Жиль Делёз и Феликс Гваттари. Перекрестная биография (Досс) - страница 299

. Со своей стороны, по свидетельству Дидье Эрибона, Фуко, уже зная, что обречен, горячо желал помириться с Делёзом. Но они так и не увидятся больше. Тот факт, что Даниэль Дефер попросил Делёза выступить с речью на похоронах Фуко, свидетельствует об этом желании сблизиться несмотря на то, что смерть окончательно разлучила их.

Делёз, ненавидевший конференции, ради своего друга Фуко делает исключение и принимает участие в международной конференции «Что такое диспозитив?», организованной в его честь в 1988 году[1387]. В курсе, который Делёз посвящает Фуко в 1985–1986 годах, он говорит о его смерти в связи с акцентированием безличного «они» или «он», с критикой всякой персонологии. В «Литературном пространстве» Бланшо использовал выражение «умирают» как событие, предполагая, что смерть может прийти лишь извне. Эта тема – «умирают» – обнаруживаются и в интерпретации Фуко, который «умер так, как мыслил смерть»[1388]. «Фуко говорил нам то, что напрямую касается его»[1389], смерть – не какое-то неделимое, предельное событие, предельный момент, как он виделся моралистам и врачам. Мы умираем постоянно: «Фуко проживает смерть на манер Биша. Так он умер. Он умер, заняв свое место в выражении „умирают“, в модусе „частичных смертей“»[1390].

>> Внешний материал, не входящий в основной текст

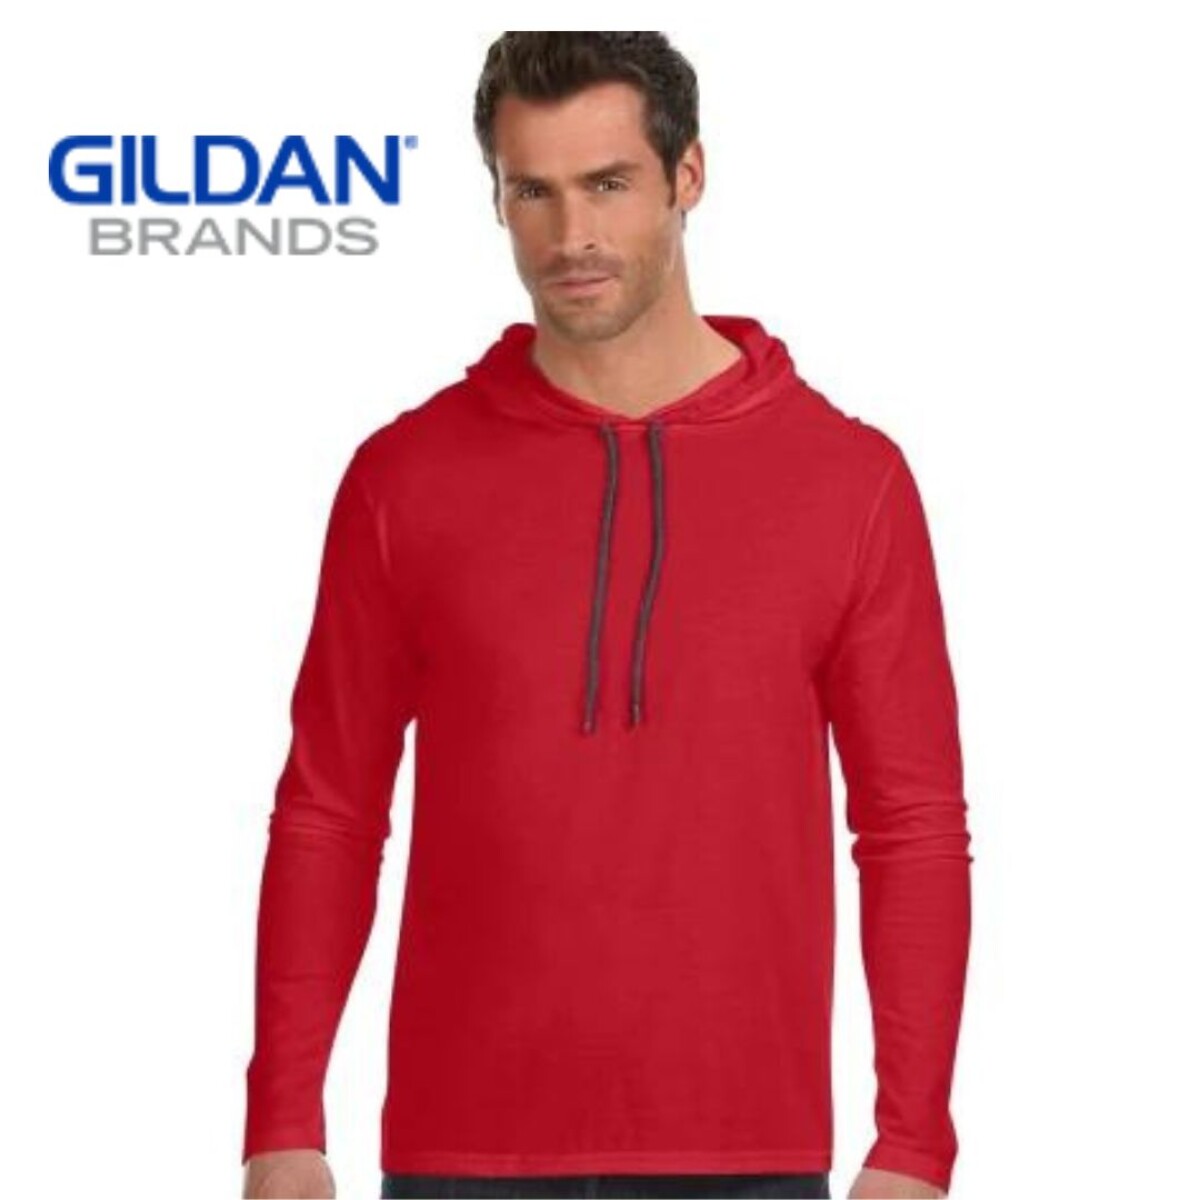 Canguro Gildan Unisex - Rojo 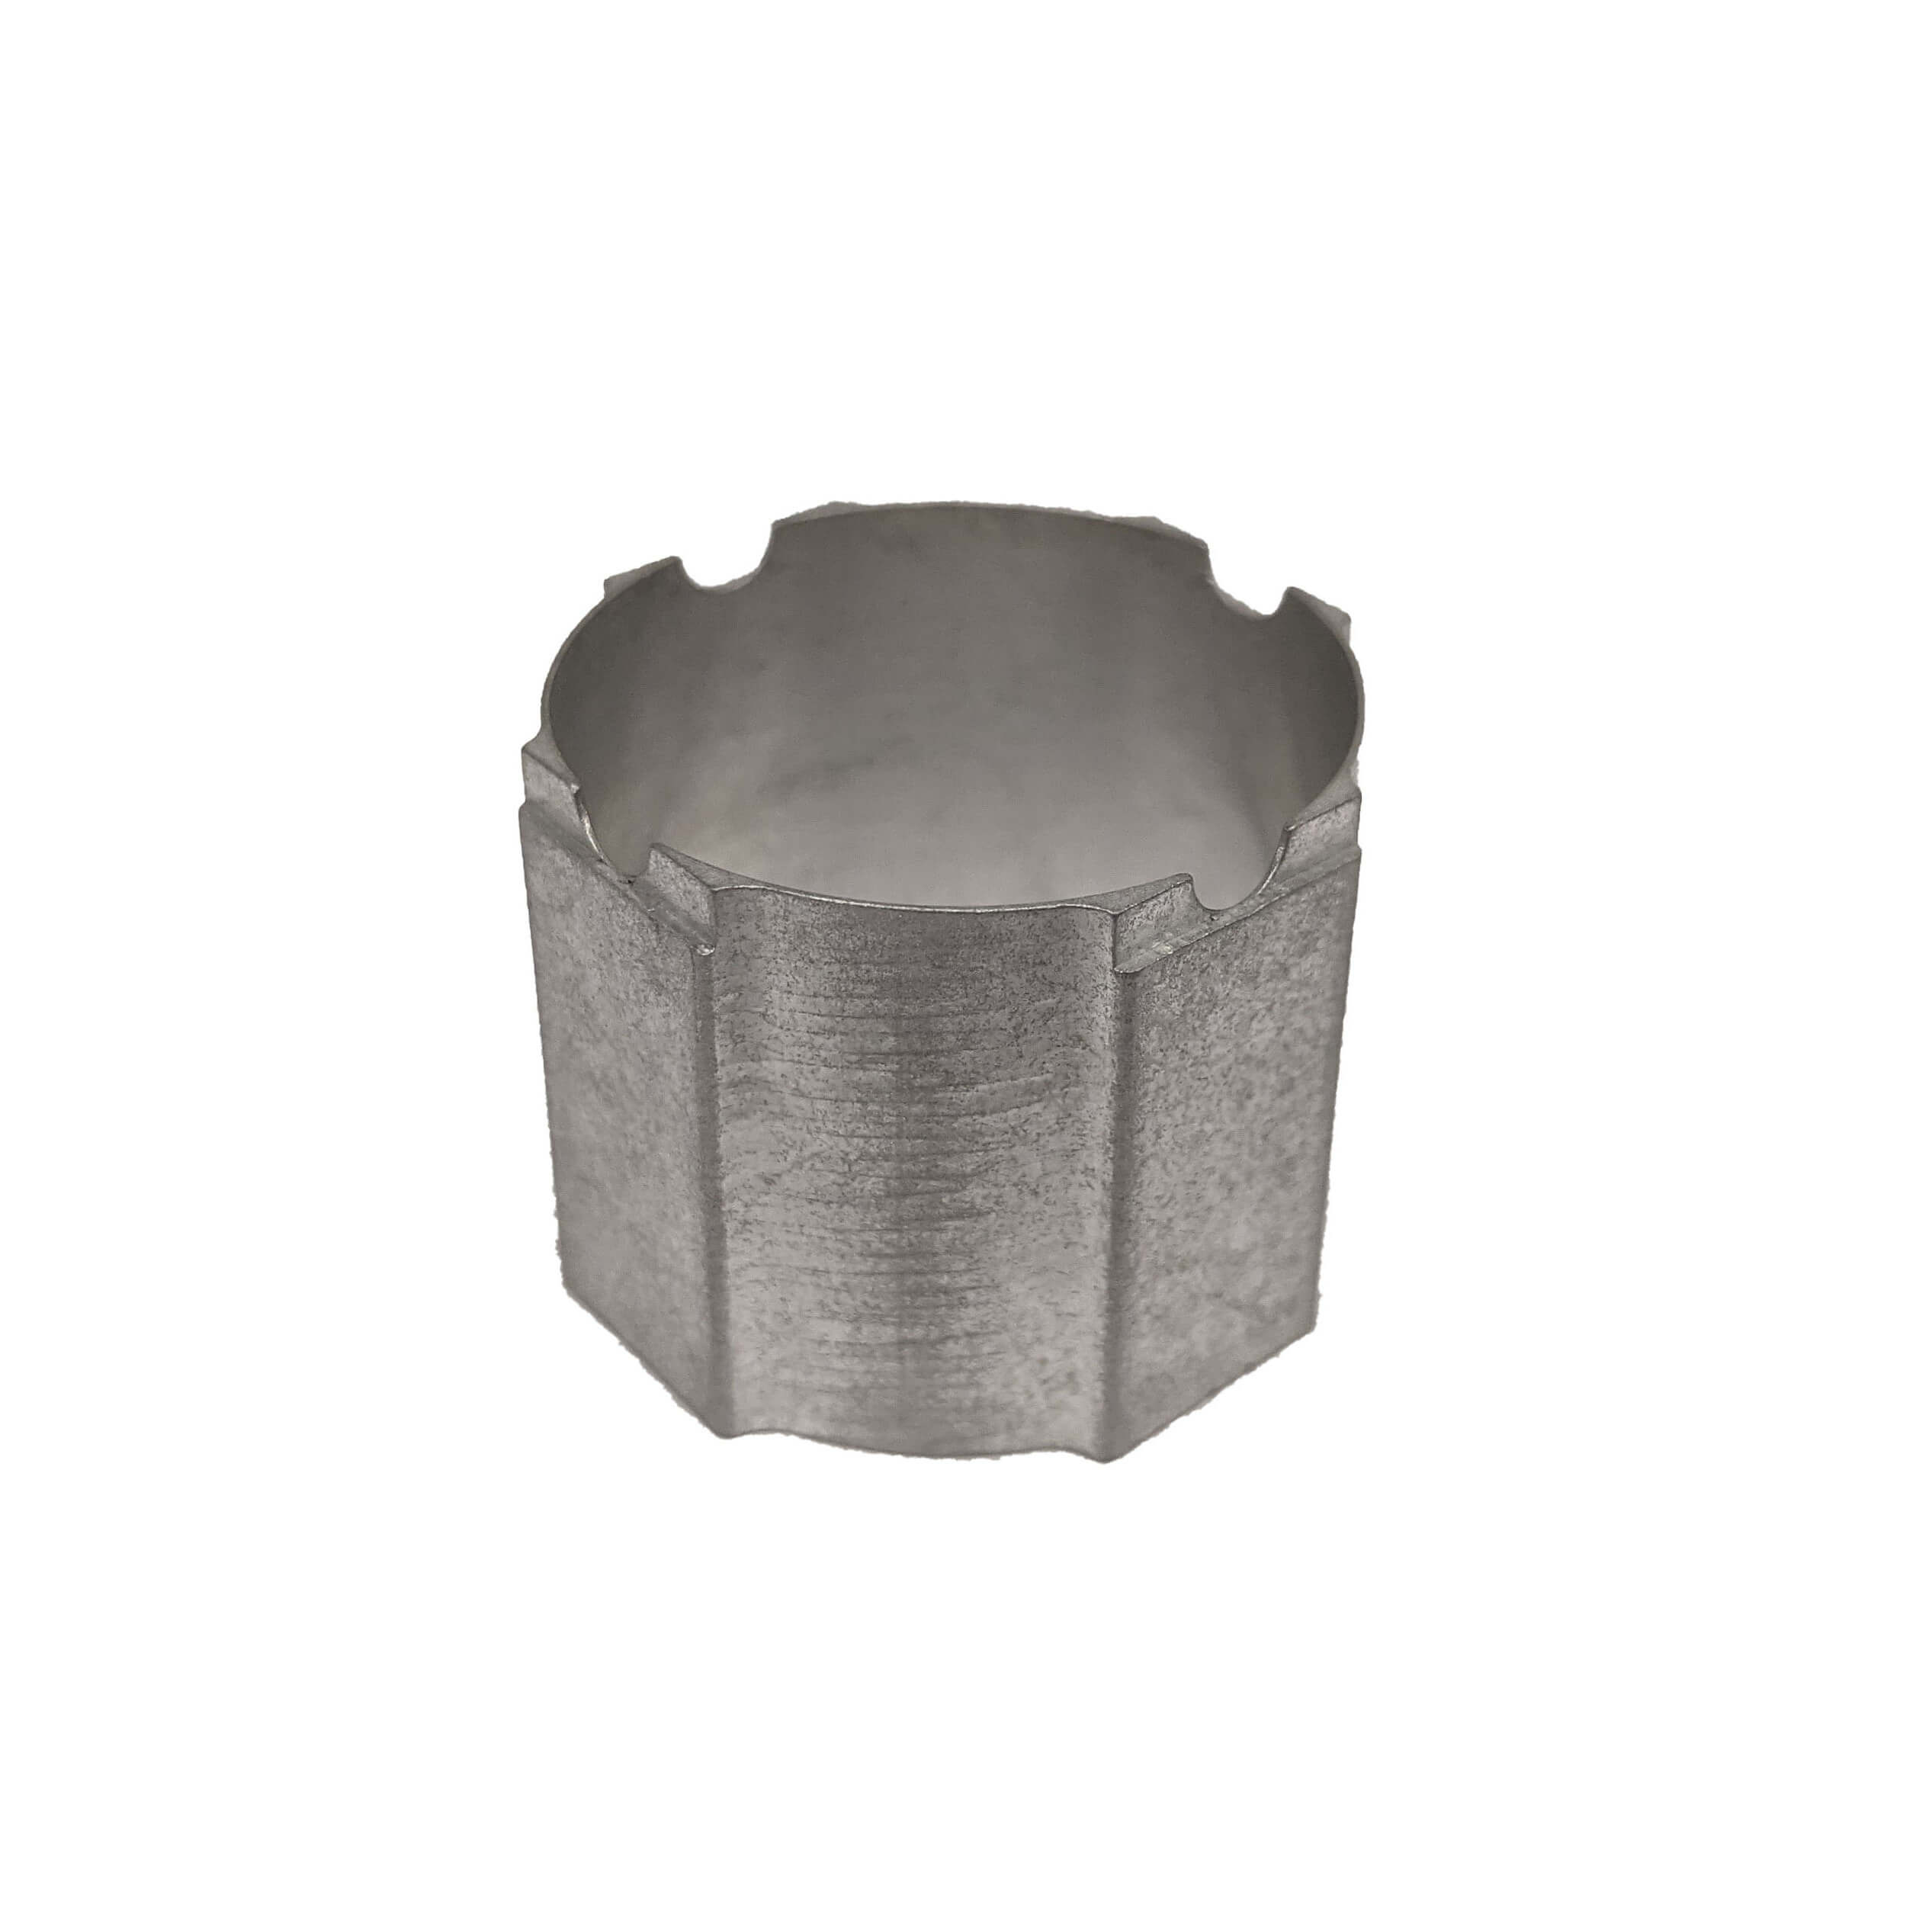 Проставка Cannondale для ресета алюмінієва на вилку Lefty Hyb32, 26.0 мм (KH097) фото

Есть ли смысл говорить о некоем «фуко-делезианстве», невзирая на их различия и распри? Мы уже выяснили, что не следует увлекаться подобным термином, поскольку он грозит обойти уникальность каждого из них, стереть предметы разногласий, скрыв их под румянами бесплодного экуменизма. В таком случае скорее можно будет говорить, ориентируясь на отношение Делёза и Гваттари, о «дизъюнктивном синтезе».

За пределами собственно философского наследия их близость можно оценить по тому, как они используют литературу. Им обоим свойственна клиническая работа с литературой, отличающая их от корпорации профессиональных философов, которые чаще всего не выходят за пределы академической философии. Известно, как крик Арто в «Логике смысла» деконструирует ученые поверхностные коннекции Льюиса Кэрролла; причем Делёз обнаруживает Арто в самой сердцевине вопросов, которыми задавался Фуко: «Немыслимое как двойник мысли, и в самом конце „Слов и вещей“ появляется тема двойника, характерная для Фуко, которую он интерпретирует по-своему и которая роднит его с Арто, Хайдеггером, Бланшо[1391]. Фуко обнаруживает здесь опыт, близкий опыту Арто, который достиг в мысли чего-то такого, что выходит за пределы мысли и становится для писателя «витальным бессилием.[1392]

Эта тема двойничества присутствовала еще в одной из первых книг Фуко, посвященной другому писателю, Раймону Русселю.